**The records**.
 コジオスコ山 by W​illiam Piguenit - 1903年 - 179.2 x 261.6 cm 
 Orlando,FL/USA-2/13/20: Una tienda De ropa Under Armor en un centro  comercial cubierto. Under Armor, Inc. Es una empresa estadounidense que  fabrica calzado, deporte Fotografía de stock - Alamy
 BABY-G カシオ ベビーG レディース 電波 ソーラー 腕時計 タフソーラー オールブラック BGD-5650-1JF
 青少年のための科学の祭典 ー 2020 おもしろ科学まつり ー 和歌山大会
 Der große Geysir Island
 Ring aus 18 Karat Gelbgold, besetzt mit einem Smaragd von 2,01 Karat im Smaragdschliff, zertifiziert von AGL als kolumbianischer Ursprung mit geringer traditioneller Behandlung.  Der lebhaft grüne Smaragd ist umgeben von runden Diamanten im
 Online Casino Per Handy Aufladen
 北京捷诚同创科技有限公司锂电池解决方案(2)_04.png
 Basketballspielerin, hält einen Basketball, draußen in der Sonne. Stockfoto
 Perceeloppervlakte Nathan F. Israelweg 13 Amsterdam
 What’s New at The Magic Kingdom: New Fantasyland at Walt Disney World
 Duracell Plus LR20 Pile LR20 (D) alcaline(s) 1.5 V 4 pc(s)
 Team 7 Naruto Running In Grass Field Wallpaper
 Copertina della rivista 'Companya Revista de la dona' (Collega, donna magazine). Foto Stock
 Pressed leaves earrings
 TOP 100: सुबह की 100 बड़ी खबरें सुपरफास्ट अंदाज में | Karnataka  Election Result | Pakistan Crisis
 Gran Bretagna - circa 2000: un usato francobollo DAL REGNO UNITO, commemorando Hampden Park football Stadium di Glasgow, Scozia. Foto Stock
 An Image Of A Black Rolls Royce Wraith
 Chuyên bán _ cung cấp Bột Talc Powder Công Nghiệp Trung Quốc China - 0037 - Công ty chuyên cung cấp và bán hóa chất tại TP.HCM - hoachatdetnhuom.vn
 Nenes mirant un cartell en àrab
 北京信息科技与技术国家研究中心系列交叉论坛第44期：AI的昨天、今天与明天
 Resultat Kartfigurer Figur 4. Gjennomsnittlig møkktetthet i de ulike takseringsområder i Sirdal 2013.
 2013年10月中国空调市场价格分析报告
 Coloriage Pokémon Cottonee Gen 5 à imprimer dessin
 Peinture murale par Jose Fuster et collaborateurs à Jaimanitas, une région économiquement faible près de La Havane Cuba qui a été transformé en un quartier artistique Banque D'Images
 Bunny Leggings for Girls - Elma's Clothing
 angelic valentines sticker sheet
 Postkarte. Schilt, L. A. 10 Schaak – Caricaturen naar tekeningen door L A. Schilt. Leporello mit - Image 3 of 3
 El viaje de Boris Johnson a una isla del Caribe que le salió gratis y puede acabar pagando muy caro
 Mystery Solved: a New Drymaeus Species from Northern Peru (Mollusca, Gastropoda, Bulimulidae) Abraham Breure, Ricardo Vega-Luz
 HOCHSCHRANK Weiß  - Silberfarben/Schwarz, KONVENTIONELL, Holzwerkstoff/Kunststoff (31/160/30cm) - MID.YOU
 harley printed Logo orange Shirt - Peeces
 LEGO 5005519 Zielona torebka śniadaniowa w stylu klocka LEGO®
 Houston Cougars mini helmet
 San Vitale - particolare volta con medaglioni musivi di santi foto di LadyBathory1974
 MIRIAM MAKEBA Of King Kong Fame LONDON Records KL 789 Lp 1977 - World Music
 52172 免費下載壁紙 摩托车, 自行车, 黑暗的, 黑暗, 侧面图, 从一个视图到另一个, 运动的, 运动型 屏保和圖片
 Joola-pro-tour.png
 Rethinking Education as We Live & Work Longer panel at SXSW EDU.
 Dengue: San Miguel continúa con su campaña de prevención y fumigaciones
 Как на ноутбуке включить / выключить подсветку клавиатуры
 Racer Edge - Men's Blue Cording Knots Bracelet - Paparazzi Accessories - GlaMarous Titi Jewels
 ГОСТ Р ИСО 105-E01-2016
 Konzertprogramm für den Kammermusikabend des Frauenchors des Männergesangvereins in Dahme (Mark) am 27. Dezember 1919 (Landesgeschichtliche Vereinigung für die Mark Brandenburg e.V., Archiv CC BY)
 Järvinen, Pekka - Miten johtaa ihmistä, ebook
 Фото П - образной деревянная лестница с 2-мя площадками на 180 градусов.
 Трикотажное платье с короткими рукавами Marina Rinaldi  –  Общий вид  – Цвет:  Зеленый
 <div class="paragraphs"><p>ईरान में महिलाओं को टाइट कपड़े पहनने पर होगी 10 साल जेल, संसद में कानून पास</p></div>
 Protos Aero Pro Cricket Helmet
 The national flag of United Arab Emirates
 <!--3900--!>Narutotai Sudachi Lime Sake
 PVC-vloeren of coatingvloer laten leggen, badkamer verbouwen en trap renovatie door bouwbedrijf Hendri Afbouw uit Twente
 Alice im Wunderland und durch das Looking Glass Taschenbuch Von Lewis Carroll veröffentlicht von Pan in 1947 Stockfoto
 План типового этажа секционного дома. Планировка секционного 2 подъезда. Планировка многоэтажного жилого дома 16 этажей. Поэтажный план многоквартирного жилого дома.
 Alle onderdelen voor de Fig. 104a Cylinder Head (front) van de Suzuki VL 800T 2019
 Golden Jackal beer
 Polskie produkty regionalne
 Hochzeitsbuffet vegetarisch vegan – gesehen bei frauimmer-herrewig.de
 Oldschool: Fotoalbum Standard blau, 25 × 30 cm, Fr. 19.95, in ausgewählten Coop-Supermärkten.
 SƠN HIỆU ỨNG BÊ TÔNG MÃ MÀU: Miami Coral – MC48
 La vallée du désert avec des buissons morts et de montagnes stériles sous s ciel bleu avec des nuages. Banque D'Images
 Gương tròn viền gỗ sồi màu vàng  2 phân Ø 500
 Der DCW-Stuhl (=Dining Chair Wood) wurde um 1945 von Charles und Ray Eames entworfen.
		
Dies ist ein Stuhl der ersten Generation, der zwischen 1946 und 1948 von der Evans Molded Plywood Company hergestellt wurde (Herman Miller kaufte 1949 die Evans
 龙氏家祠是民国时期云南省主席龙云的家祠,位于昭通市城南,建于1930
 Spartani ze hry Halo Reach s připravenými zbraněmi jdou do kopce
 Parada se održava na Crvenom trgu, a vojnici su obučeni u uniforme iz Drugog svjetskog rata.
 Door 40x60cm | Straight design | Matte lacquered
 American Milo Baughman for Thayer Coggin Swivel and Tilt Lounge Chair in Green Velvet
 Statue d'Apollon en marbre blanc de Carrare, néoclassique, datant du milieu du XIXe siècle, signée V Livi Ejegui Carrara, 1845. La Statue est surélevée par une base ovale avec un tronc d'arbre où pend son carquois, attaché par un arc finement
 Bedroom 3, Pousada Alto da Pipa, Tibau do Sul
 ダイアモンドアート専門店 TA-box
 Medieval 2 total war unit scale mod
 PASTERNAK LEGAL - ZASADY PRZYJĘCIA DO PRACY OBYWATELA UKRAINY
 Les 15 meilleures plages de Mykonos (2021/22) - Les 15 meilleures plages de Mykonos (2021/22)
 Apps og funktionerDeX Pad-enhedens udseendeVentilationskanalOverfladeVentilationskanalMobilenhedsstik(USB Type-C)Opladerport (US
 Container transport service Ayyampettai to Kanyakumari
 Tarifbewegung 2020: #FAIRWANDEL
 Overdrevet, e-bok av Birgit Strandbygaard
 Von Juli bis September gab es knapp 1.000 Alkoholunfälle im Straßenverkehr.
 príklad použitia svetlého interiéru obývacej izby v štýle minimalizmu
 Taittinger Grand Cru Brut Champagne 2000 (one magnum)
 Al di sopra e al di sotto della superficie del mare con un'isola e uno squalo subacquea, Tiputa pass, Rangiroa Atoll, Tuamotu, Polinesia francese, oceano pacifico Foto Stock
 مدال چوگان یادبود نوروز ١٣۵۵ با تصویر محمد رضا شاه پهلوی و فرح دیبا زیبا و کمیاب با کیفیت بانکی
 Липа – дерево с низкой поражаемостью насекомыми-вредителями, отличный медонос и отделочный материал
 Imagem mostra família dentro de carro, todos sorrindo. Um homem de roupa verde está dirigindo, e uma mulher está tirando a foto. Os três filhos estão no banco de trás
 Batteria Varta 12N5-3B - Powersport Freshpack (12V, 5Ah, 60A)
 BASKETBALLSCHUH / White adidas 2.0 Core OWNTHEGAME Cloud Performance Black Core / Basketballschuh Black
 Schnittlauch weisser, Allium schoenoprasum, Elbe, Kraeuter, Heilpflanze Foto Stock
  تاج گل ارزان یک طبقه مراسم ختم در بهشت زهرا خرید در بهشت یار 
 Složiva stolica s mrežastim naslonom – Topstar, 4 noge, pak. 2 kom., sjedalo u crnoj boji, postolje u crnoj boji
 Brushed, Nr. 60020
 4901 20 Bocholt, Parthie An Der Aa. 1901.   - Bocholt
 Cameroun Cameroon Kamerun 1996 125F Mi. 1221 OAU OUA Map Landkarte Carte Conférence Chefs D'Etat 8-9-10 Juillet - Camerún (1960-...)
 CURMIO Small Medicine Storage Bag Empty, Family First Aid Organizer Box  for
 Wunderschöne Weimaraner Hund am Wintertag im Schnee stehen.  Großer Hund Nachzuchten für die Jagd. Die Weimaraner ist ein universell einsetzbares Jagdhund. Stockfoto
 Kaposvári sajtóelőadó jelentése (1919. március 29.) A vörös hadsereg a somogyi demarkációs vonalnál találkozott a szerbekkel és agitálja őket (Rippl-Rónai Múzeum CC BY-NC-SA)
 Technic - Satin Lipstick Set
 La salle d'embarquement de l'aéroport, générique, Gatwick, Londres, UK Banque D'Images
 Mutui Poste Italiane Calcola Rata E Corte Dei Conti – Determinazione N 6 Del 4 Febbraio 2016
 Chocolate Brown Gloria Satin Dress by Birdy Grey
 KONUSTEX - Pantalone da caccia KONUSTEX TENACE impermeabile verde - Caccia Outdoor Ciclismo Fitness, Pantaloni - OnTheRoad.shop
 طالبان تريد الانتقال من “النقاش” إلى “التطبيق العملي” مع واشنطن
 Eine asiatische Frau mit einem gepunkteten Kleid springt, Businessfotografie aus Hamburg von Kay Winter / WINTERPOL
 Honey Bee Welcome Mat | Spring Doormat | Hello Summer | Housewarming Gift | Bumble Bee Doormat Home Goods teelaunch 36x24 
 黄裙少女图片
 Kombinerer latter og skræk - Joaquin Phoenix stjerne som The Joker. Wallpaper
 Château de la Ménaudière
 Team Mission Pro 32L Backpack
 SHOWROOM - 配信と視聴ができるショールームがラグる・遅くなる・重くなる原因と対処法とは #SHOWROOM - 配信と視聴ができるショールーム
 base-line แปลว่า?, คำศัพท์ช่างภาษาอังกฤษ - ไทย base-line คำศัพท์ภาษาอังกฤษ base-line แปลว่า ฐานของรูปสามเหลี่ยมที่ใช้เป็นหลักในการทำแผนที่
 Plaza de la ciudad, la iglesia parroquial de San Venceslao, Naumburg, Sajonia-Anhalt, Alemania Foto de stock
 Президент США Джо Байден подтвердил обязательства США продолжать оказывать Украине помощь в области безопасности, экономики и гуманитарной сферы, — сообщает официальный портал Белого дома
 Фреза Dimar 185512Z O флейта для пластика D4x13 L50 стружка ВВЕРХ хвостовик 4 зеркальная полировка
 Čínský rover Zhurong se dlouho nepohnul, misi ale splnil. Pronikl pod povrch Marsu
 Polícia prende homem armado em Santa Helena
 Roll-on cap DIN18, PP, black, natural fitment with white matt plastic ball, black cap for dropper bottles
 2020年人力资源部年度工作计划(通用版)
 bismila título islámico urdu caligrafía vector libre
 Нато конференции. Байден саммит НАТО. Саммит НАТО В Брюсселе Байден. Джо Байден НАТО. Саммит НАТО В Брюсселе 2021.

**Assignment**.
Find and copy each line in the material above where the string "World" occurs.

**Response to this task**.
 What’s New at The Magic Kingdom: New Fantasyland at Walt Disney World
 MIRIAM MAKEBA Of King Kong Fame LONDON Records KL 789 Lp 1977 - World Music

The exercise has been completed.